Exact copies of the lines below are the goal; any images in them are dropped.

Data below:
= = = =

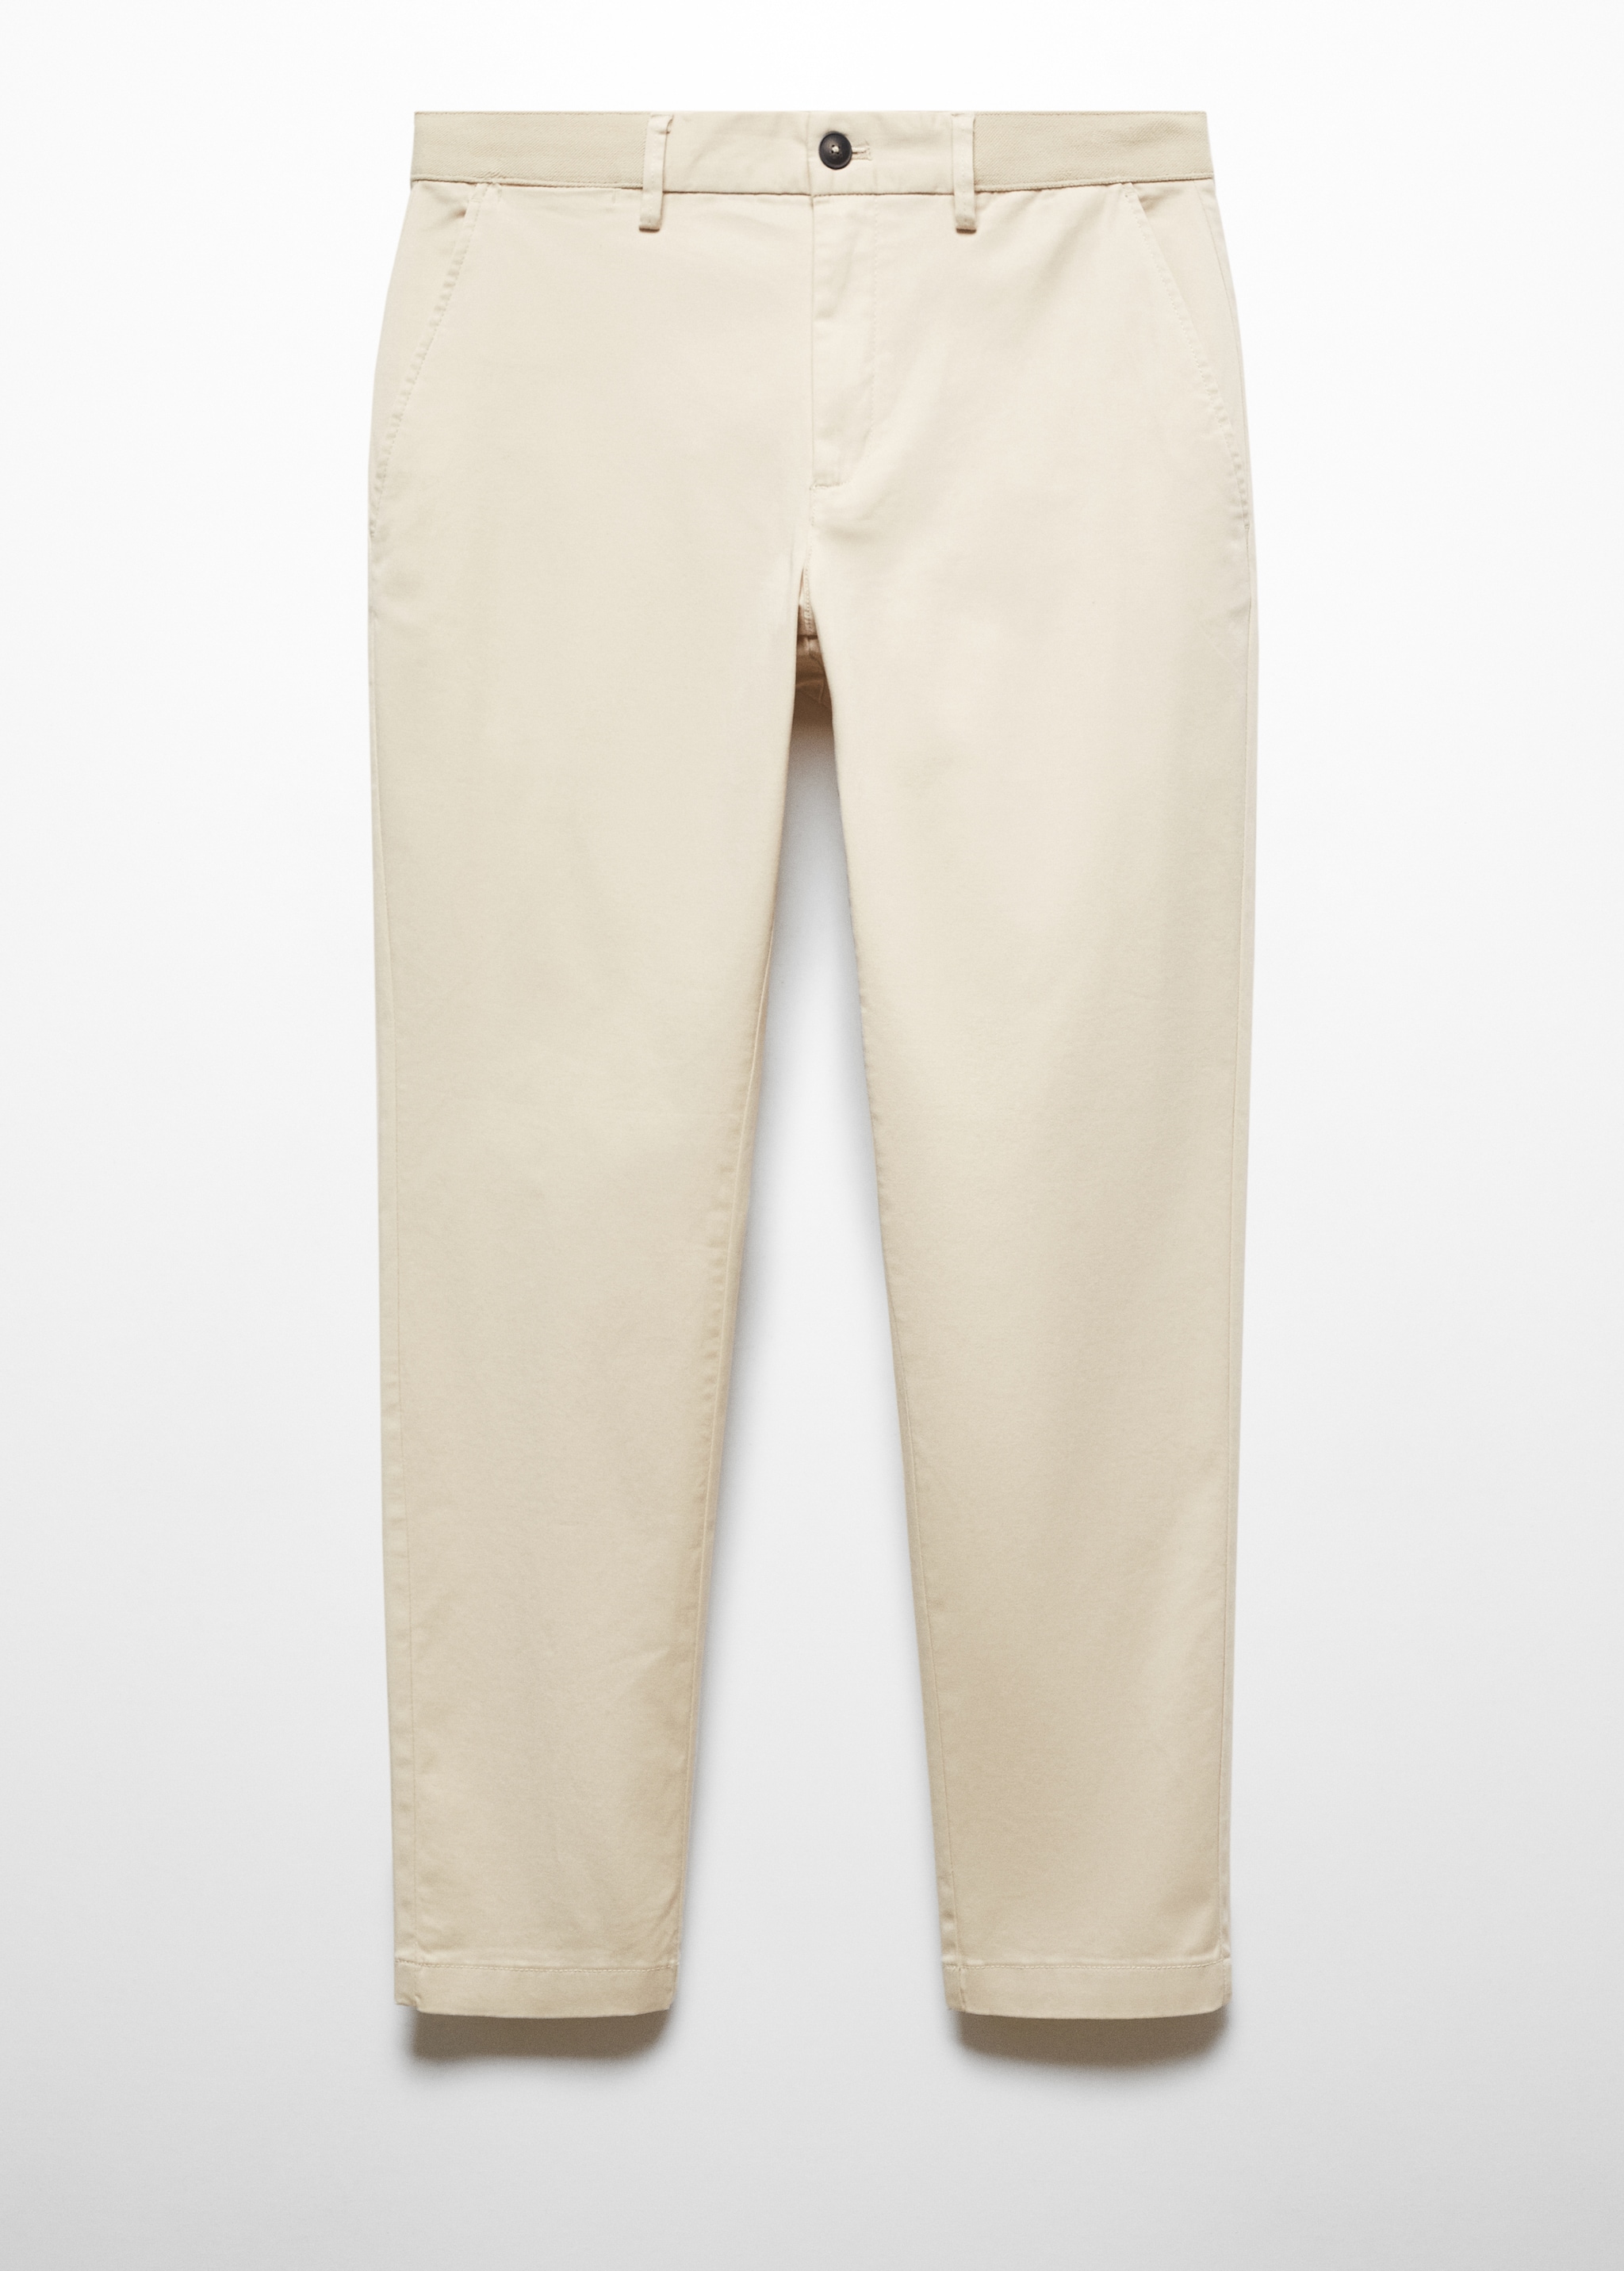 Pantalón algodón tapered crop - Artículo sin modelo
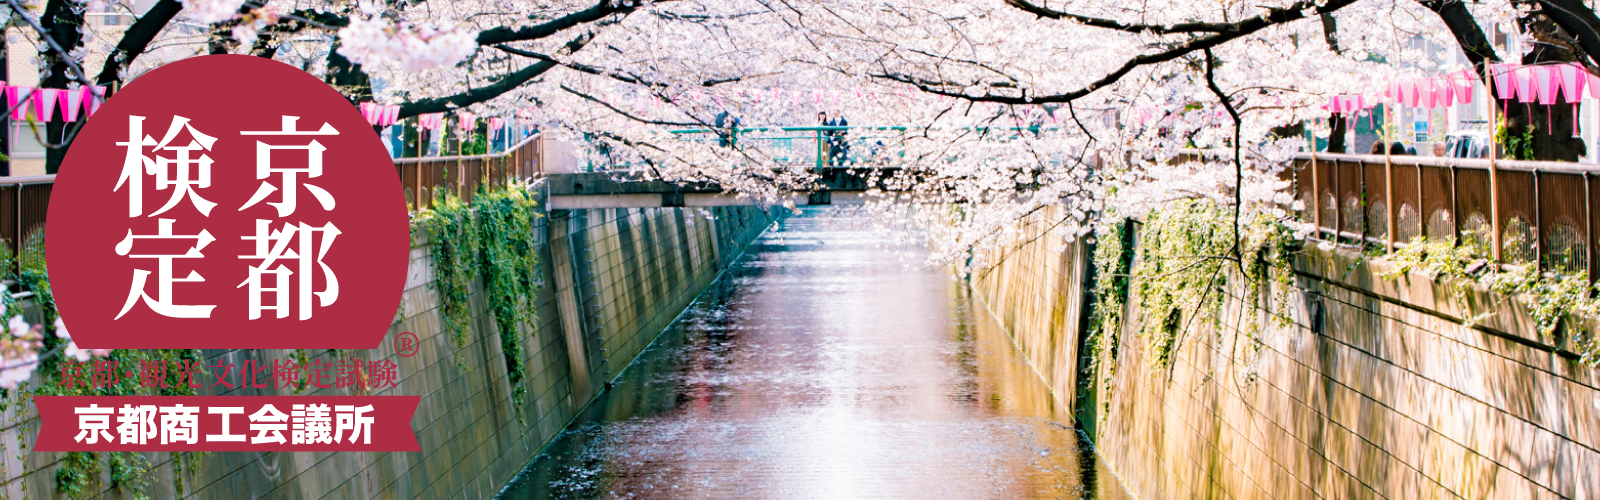 京都を知る。もっと好きになる。京都検定対策を兼ねての街歩き。検定に関係ない人もご一緒に。
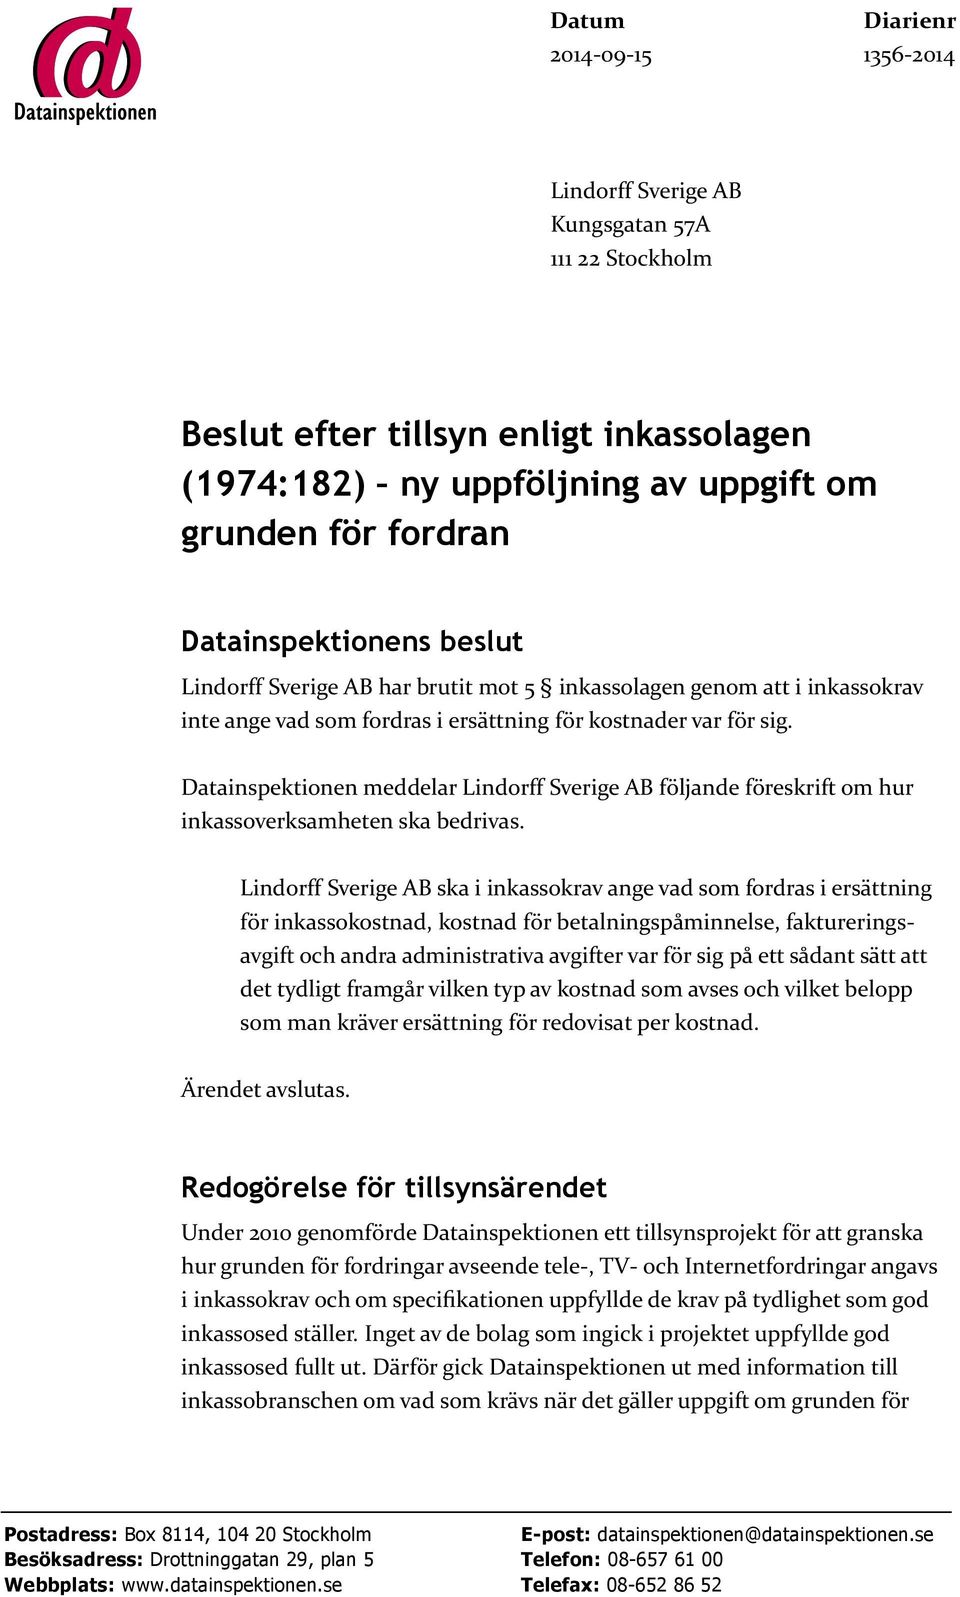 Datainspektionen meddelar Lindorff Sverige AB följande föreskrift om hur inkassoverksamheten ska bedrivas.
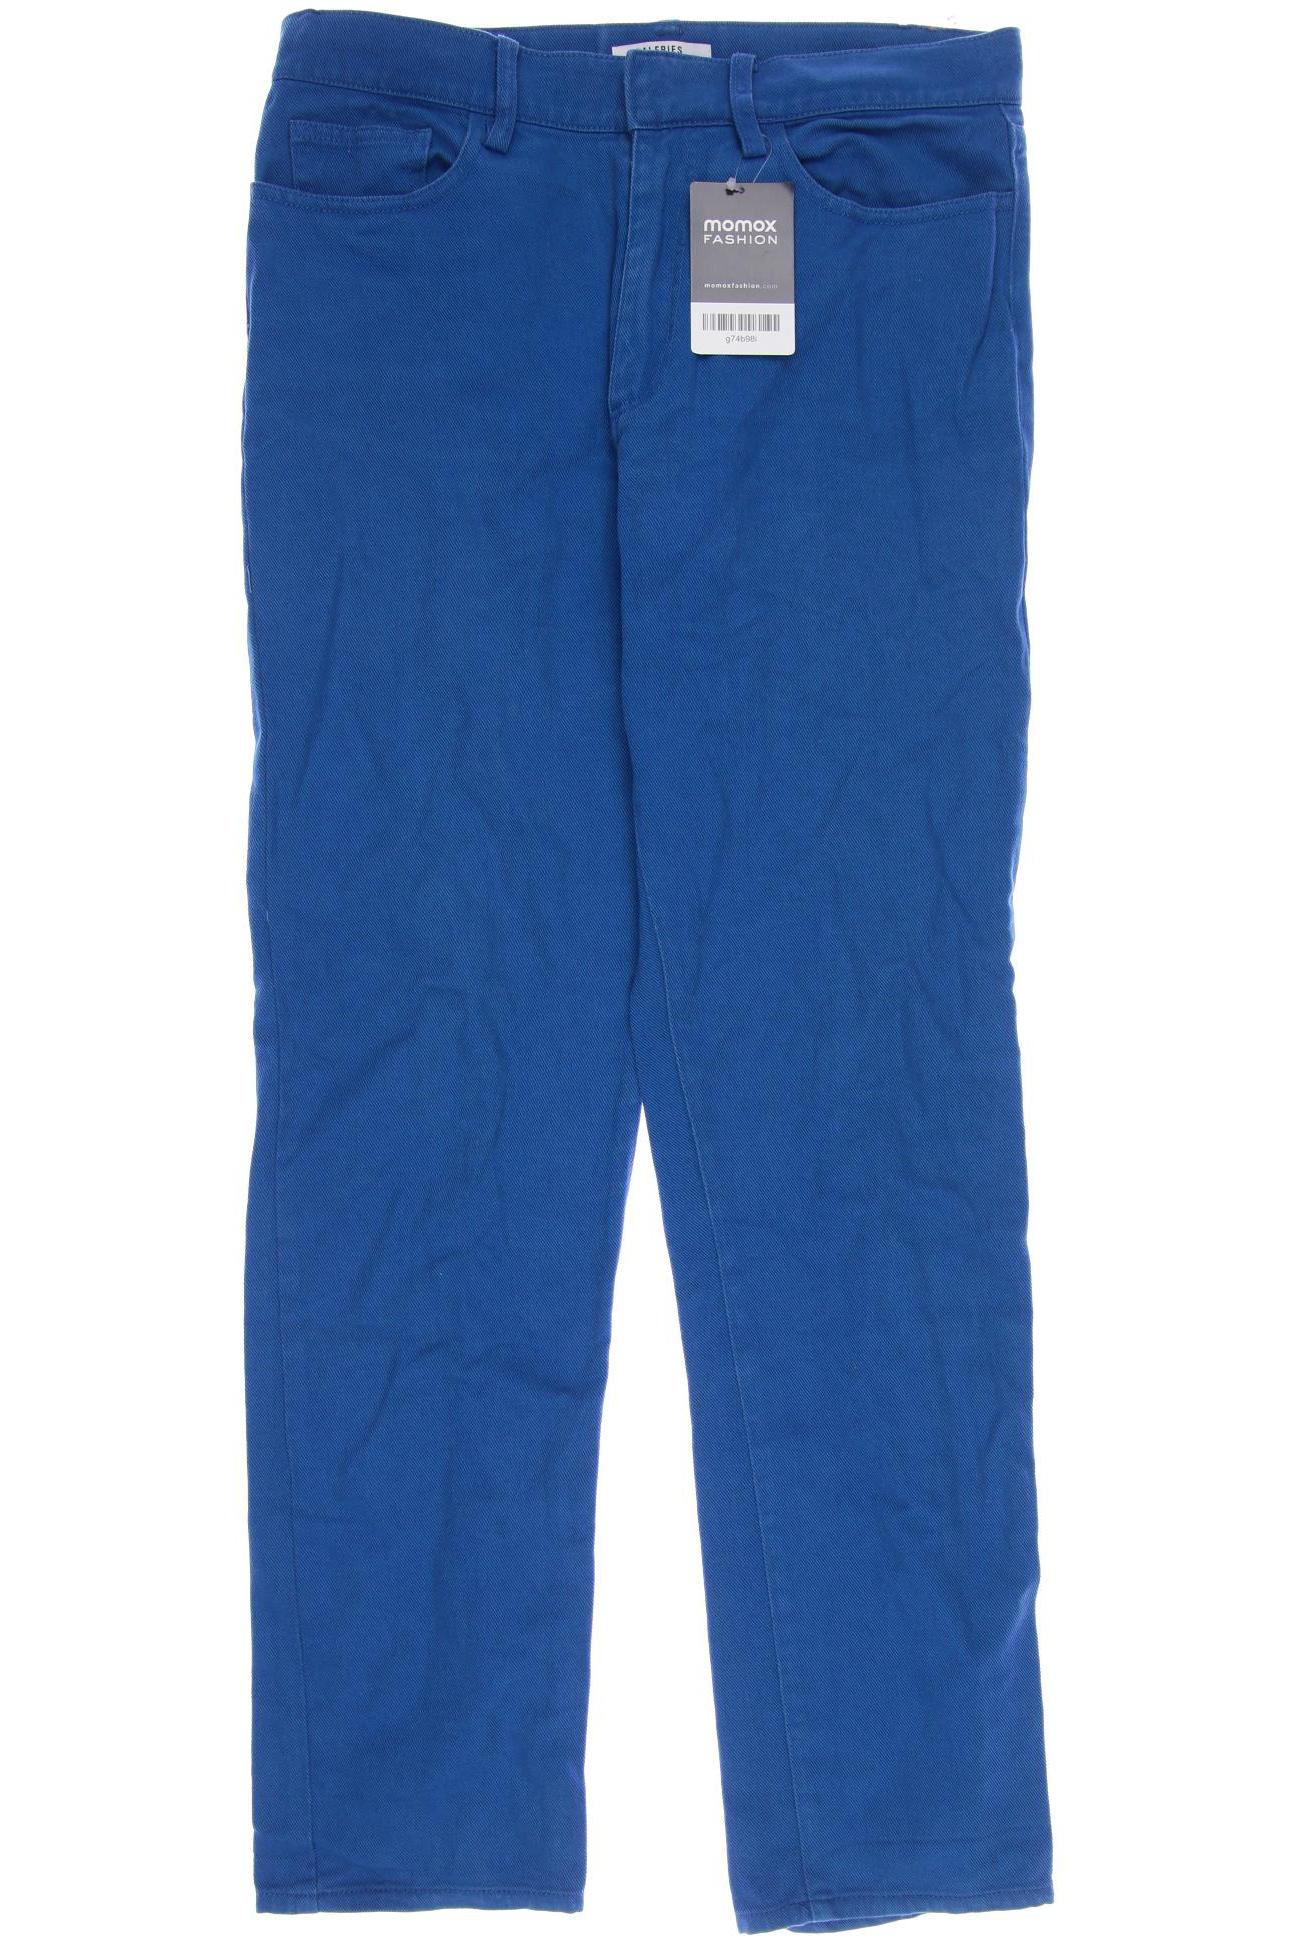 GALERIES LAFAYETTE Damen Jeans, blau von GALERIES LAFAYETTE

= = = =

Response to the task:
 Pantalón algodón tapered crop - Artículo sin modelo
 京都を知る。もっと好きになる。京都検定対策を兼ねての街歩き。検定に関係ない人もご一緒に。
 Datainspektionen meddelar Lindorff Sverige AB följande föreskrift om hur inkassoverksamheten ska bedrivas.
 GALERIES LAFAYETTE Damen Jeans, blau von GALERIES LAFAYETTE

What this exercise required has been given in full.